I am trying create a hive sink in my flume configuration and when I run flume-ng I get some dependency problems as shown below. Could you tell me how can I overcome this dependency? It looks there is some runtime dependency. I have installed hive properly and made the required environment variable settings to point things HIVE_HOME. Any help is apreciated. Thanks.

2016-01-15 14:41:37,757 (conf-file-poller-0) 
[INFO -org.apache.flume.sink.DefaultSinkFactory.create(DefaultSinkFactory.java:42)]  
Creating instance of sink: hiveSink, type: hive
2016-01-15 14:41:37,763 (conf-file-poller-0) 
[ERROR -      org.apache.flume.node.PollingPropertiesFileConfigurationProvider$FileWatcherRunn    able.run(PollingPropertiesFileConfigurationProvider.java:145)] 
Failed to  start  agent because dependencies were not found in classpath. Error follows.

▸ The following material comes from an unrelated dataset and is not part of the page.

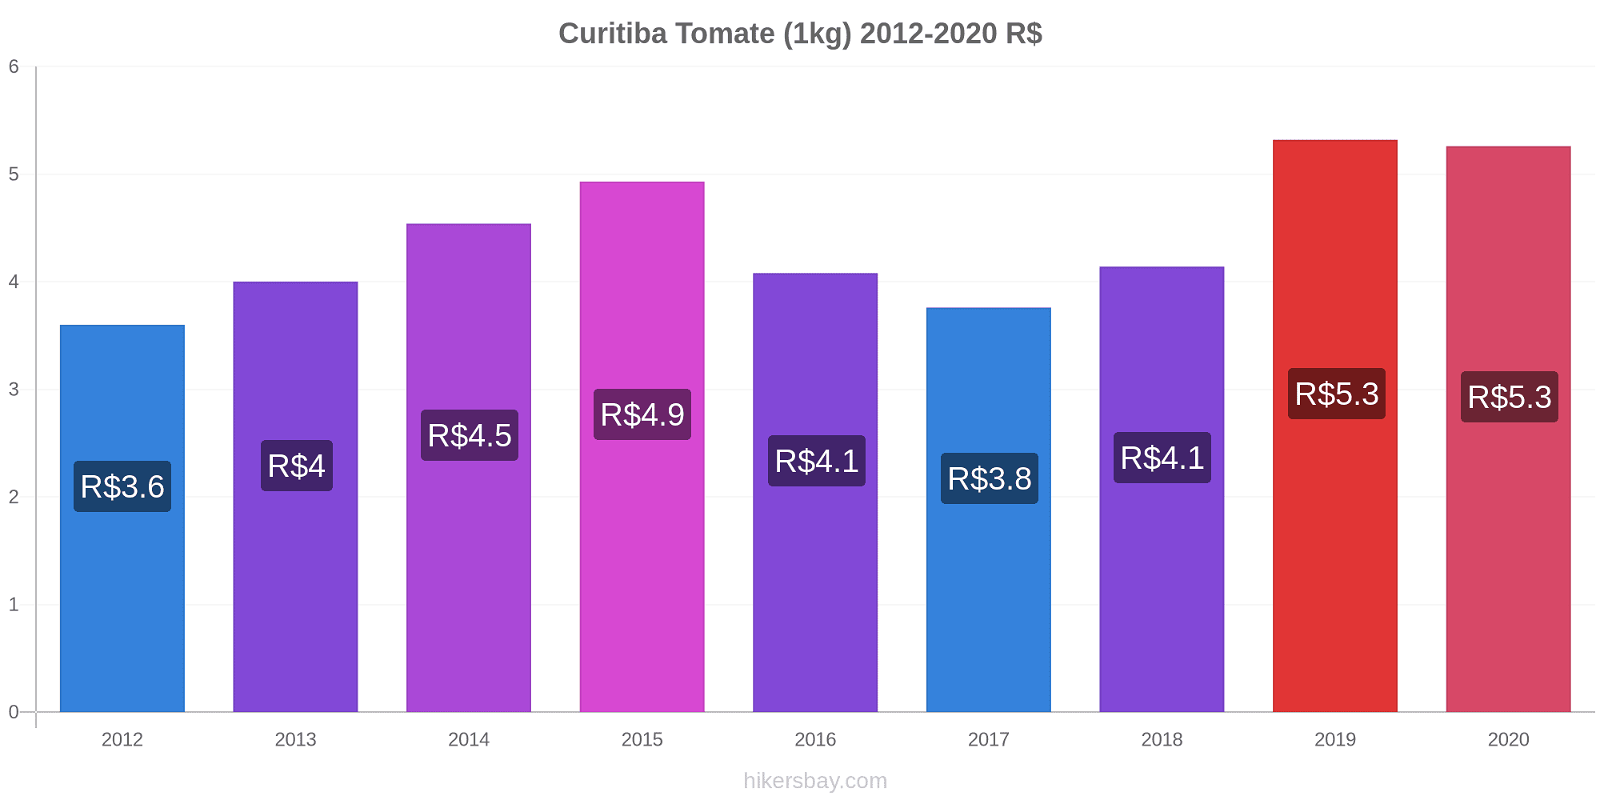 Curitiba variação de preço Tomate (1kg) hikersbay.com

java.lang.NoClassDefFoundError: org/apache/hive/hcatalog/streaming/RecordWriter
at org.apache.flume.sink.hive.HiveSink.createSerializer(HiveSink.java:223)
at org.apache.flume.sink.hive.HiveSink.configure(HiveSink.java:203)
at org.apache.flume.conf.Configurables.configure(Configurables.java:41)
at org.apache.flume.node.AbstractConfigurationProvider.loadSinks(AbstractConfigurationProvider.java:413)
at org.apache.flume.node.AbstractConfigurationProvider.getConfiguration(AbstractConfigurationProvider.java:98)
at org.apache.flume.node.PollingPropertiesFileConfigurationProvider$FileWatcherRunnable.run(PollingPropertiesFileConfigurationProvider.java:140)
at java.util.concurrent.Executors$RunnableAdapter.call(Executors.java:511)
at java.util.concurrent.FutureTask.runAndReset(FutureTask.java:308)
at java.util.concurrent.ScheduledThreadPoolExecutor$ScheduledFutureTask.access$301(ScheduledThreadPoolExecutor.java:180)
at java.util.concurrent.ScheduledThreadPoolExecutor$ScheduledFutureTask.run(ScheduledThreadPoolExecutor.java:294)
at java.util.concurrent.ThreadPoolExecutor.runWorker(ThreadPoolExecutor.java:1142)
at java.util.concurrent.ThreadPoolExecutor$Worker.run(ThreadPoolExecutor.java:617)
at java.lang.Thread.run(Thread.java:745)
Caused by: java.lang.ClassNotFoundException: org.apache.hive.hcatalog.streaming.RecordWriter
at java.net.URLClassLoader.findClass(URLClassLoader.java:381)
at java.lang.ClassLoader.loadClass(ClassLoader.java:424)
at sun.misc.Launcher$AppClassLoader.loadClass(Launcher.java:331)
at java.lang.ClassLoader.loadClass(ClassLoader.java:357)
... 13 more
F. Aydemir
  • 2,665
  • 5
  • 40
  • 60

2 Answers2

3

I am learning Flume on CDH 5.7 distribution. I did face the same issue, and flume-env.sh script didn't seem to work for me, so i made use of --classpath command argument to reference all libraries related to hive and hive-hcatalog. Followed a trial and error approach for adding multiple lib folders references. Did not find much documentation on this argument.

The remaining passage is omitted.